A l'automne 1819, Eugène de Rastignac a vingt-et-un ans. Comme bon nombre de jeunes provinciaux, il est officiellement à Paris pour faire son droit et habite dans la pension de madame Vauquer une chambre médiocre - c'est encore tout ce que sa famille peut lui payer. Officieusement, il ambitionne de croquer Paris. La ville et sa société brille d'un faste qu'il dévore des yeux, qu'il aspire à pénétrer pour se faire une place au soleil. Grâce à une lointaine parente, la vicomtesse de Bauséant, il y glisse un orteil mais se montre bien maladroit. C'est surtout sa bévue chez la Comtesse de Restaud qui lui vaut quelques frayeurs et un regain d'orgueil. Cette dernière n'est autre qu'une des filles du Père Goriot, son pauvre voisin à la maison Vauquer. Rastignac découvre avec circonspection que le vieux vermicellier avait jadis quelque argent et une bonne situation qu'il a progressivement grignotée pour l'amour de ces filles. Grâce à lui et à sa cousine, Rastignac entreprend de séduire la seconde fille de Goriot, Delphine de Nuncigen, y parvient, et glisse alors plus d'un orteil dans ce monde qui deviendra bientôt le sien. Ainsi se clôt le roman, comme un cri de défi à l'adresse de Paris : "A nous deux maintenant!"
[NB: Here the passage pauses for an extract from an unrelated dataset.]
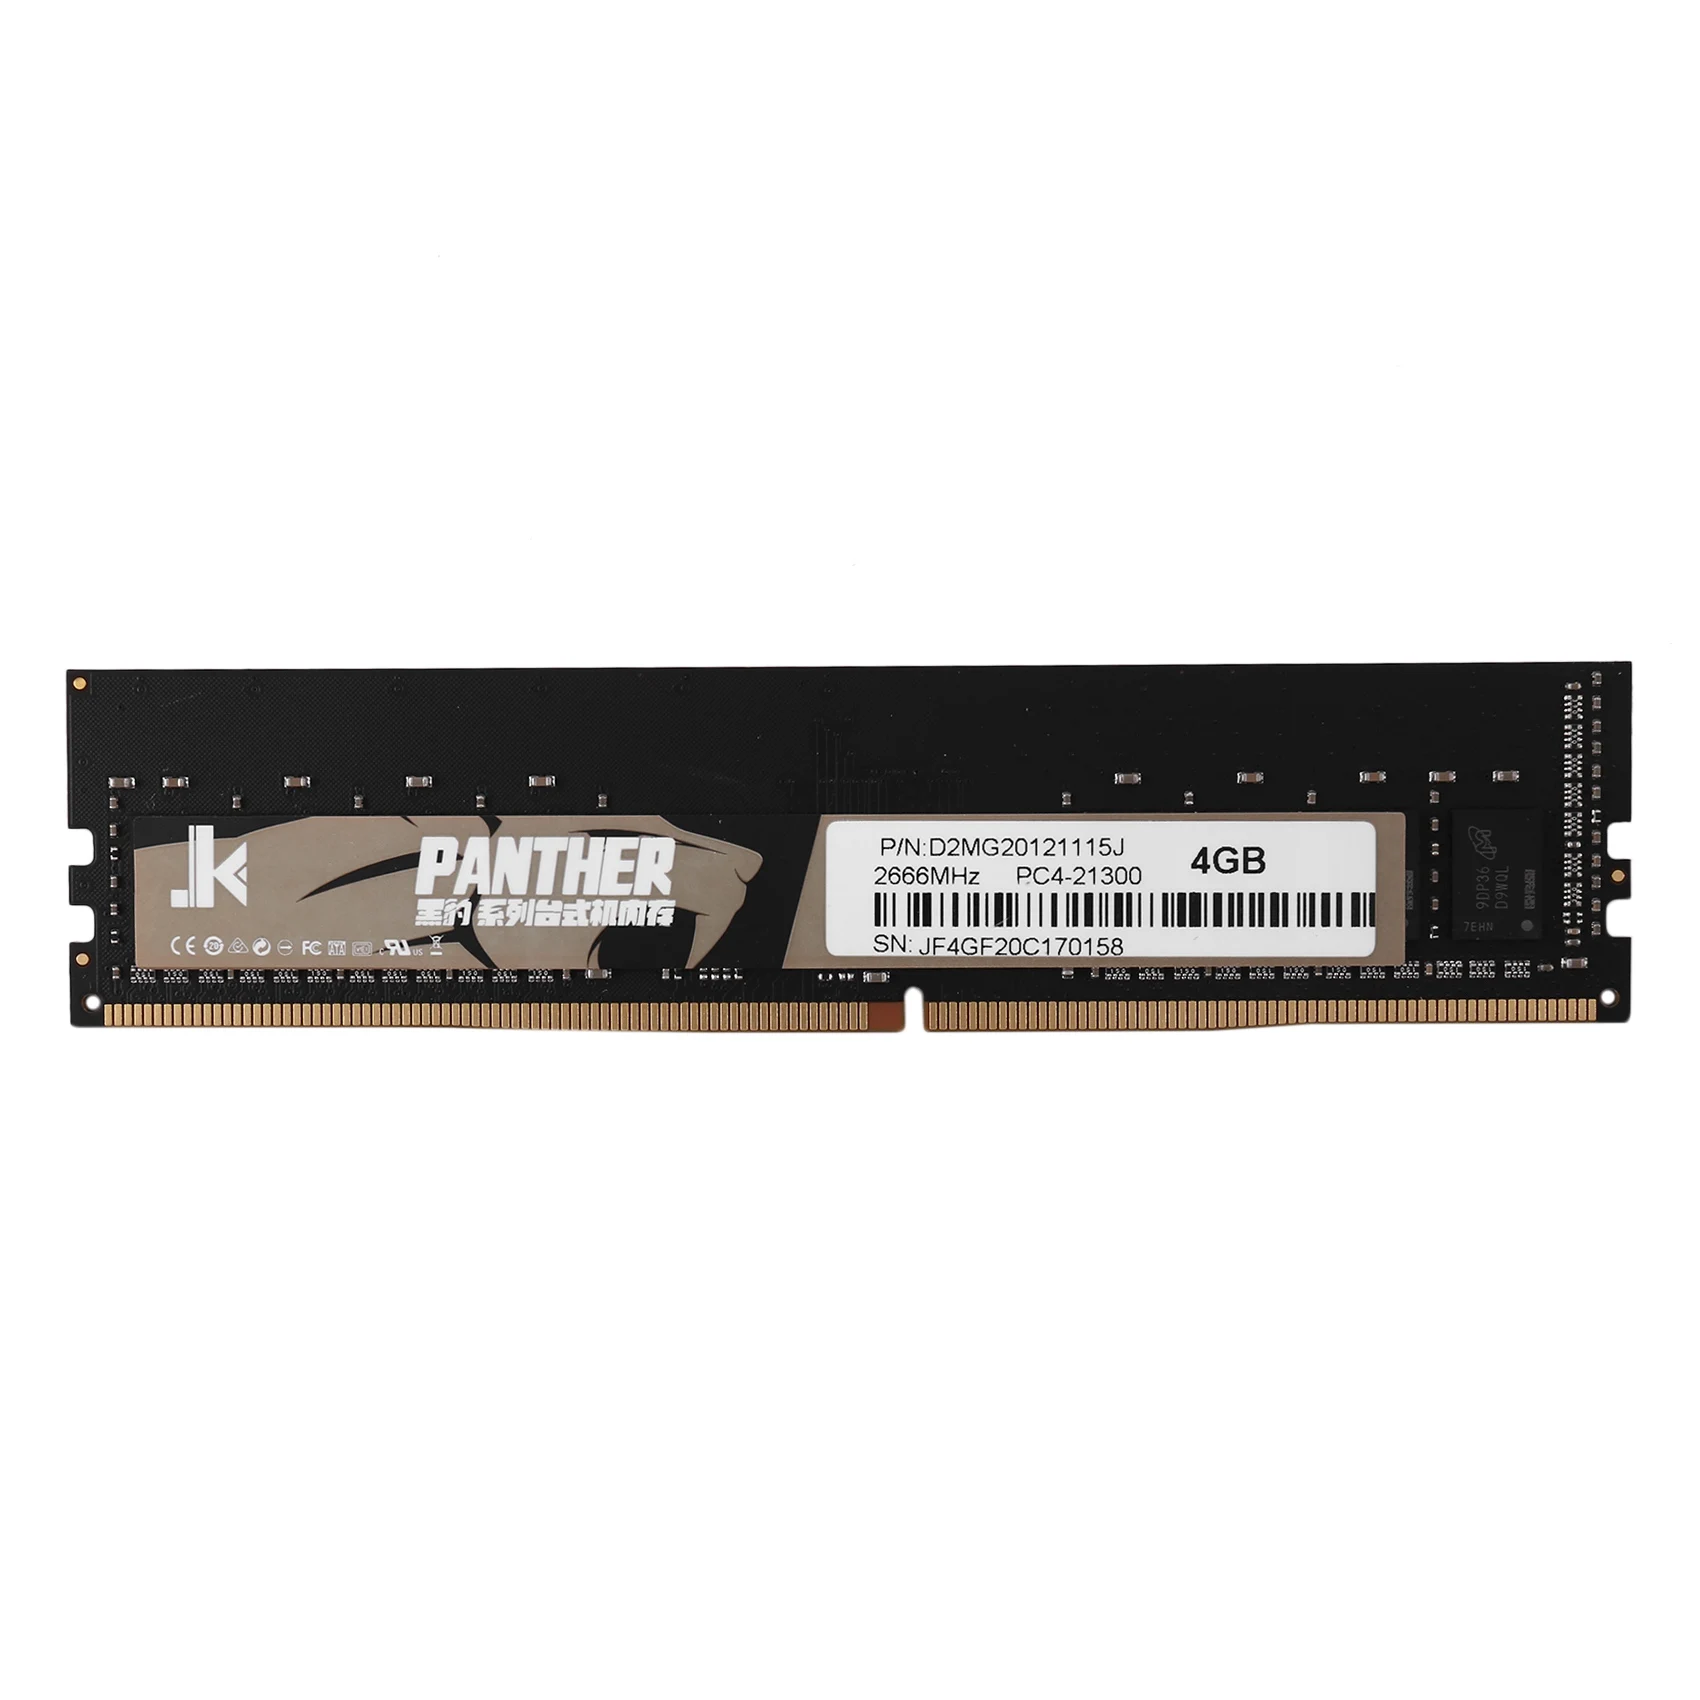 

JK Black Panther Black Panther DDR4 2666MHZ Memory Module, High-Performance Multi-Compatible Memory Module for Desktop(4GB)

J'ai découvert dans ces pages un personnage particulièrement savoureux. Rastignac est complexe et ambigu, bien plus que ne le sera Bel-Ami. Il est certes animé d'une ambition et d'un arrivisme décapant mais il se montre néanmoins terriblement humain. Il nourrit quelques scrupules à réclamer de l'argent supplémentaire à sa famille, il rechigne à ce pacte criminel auquel l'invite Vautrin, enfin il montre bien plus de pitié et d'intérêt pour Goriot mourant que ses propres filles, déjà trop imprégnées de Paris. Le Père Goriot est le roman charnière. Il dépeint le passage du jeune homme aimable, aimant, sincère et naïf à celui d'homme du monde que plus rien n'émeut que sa propre ambition. La mort du père Goriot éteint les dernières "saintes émotions d'un cœur pur" et livre Rastignac à son destin. Il ne reculera plus dès lors devant aucune bassesse pour déployer ses ailes : travaillera pour le mari de sa maîtresse et finira même par épouser sa fille, comme le fera Bel-Ami après lui.

Si l'on sent déjà à travers ce jeune Rastignac une critique de la société parisienne, elle est d'autant plus prégnante dans le contraste entre le père Goriot, généreux, dévoué à ses filles tant aimées et ces deux parvenues égoïstes qui n'ont pas le moindre scrupule à dépouiller leur père à coup de larmes et de plaintes. Si leurs mariages leur ont ouvert la porte de la bonne société, elles se fourrent encore dans des affaires de cœur ou de coquetterie qui les obligent à des dépenses que les maris refusent de payer. C'est pour cette seule raison qu'elle font appel à Goriot. Le jour de son agonie, d'autres affaires les occuperont et elles se déplaceront trop tard. A une autre échelle, l'appât du gain de madame Vauquer, dénuée de la moindre empathie, n'est pas non plus en reste. A la lecture de ce roman et après Le colonel Chabert, j'avoue me demander ce que Balzac pensait des femmes. Assurément, il ne tenait pas la gente féminine en grande estime puisque c'est elle, encore une fois, qui cristallise les pires défauts d'une société hypocrite, égocentrique et vénale.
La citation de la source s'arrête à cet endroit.